The end state is not payments alone, but balance sheets organised around wallets. Stablecoins and tokenised deposits provide mobility; yield-bearing assets follow.

Franklin Templeton’s Franklin OnChain U.S. Government Money Fund, launched in 2021, shows how regulated yield can sit natively on blockchain rails alongside cash-like instruments.

As tokenised cash becomes easier to move and settle, collateral, funds, and eventually programmable credit converge in the same interface. At that point, wallets stop being a crypto abstraction and become the front end of institutional balance sheets.

The future belongs to the gateways, not the issuers

The tension between stablecoins and bank-issued money does not resolve into a single dominant instrument. A stablecoin held in a wallet can circulate freely across exchanges, DeFi protocols, merchant payment flows, and cross-border settlement routes before it ever touches a bank account. Tokenised deposits, by contrast, remain a claim on a specific bank and are designed to pull value back inside the regulated perimeter. These instruments solve different problems, and clients will continue to choose whichever form of money best fits the transaction at hand.

That reality explains why the market is converging on coexistence rather than replacement.

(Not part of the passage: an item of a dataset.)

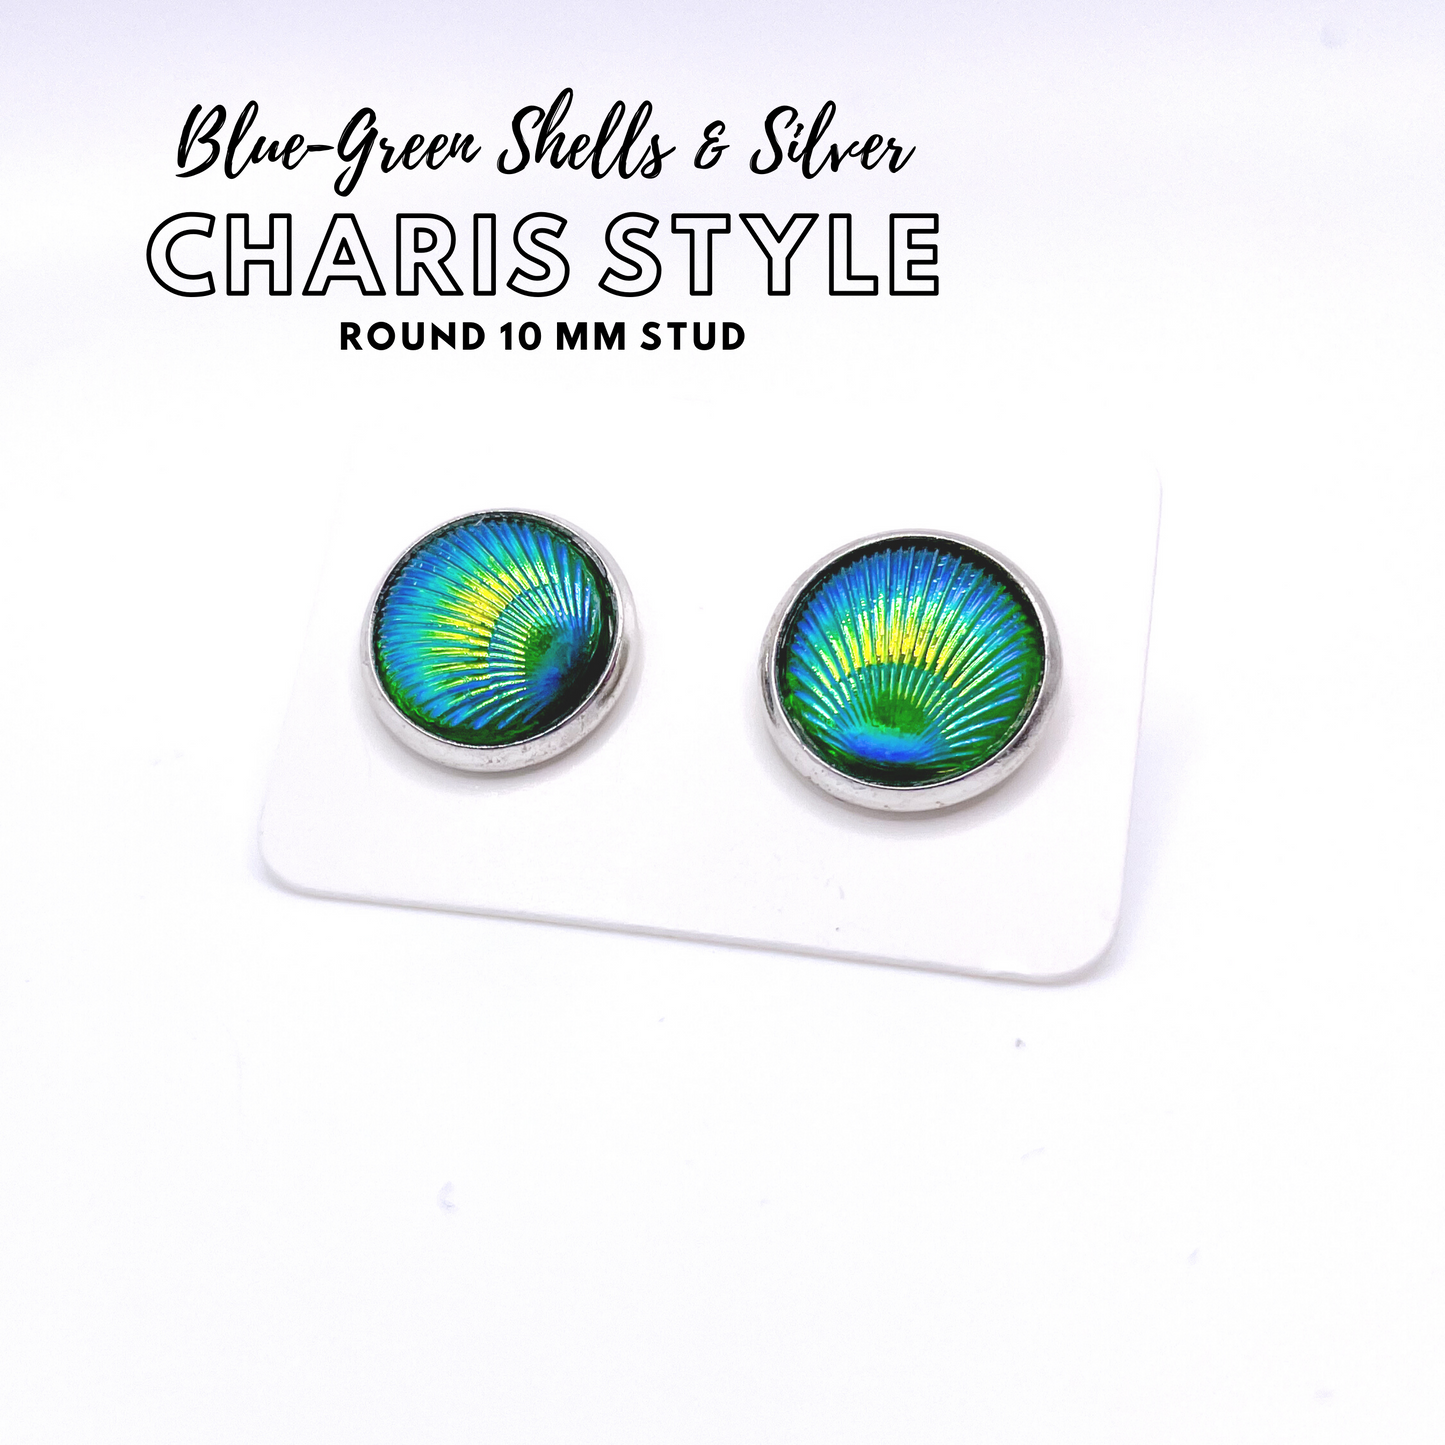 Charis Style - 10 MM Studs - Blue-Green Mermaid Shells and Silver

Banks are not trying to “kill” stablecoins, nor are stablecoins eliminating banks. The real challenge is operational: coexistence requires interoperability, credible risk management, and shared standards across multiple forms of tokenised money. This is where infrastructure and orchestration, rather than issuance alone, become decisive.

The investable takeaway is that cash legibility is becoming a competitive surface. Banks that can accept and redeem multiple forms of tokenised money, settle continuously with institutional-grade controls, and connect tokenised cash to tokenised assets will occupy the gateway position in an on-chain financial system. Those that cannot will still participate, but increasingly through correspondents and third parties, with less control, thinner margins, and growing dependency as volumes scale.

In that sense, stablecoins are not the end state. They are the forcing function. The banks that matter in the next phase will not be the ones that picked the “right” instrument early, but the ones that built the systems capable of handling all of them.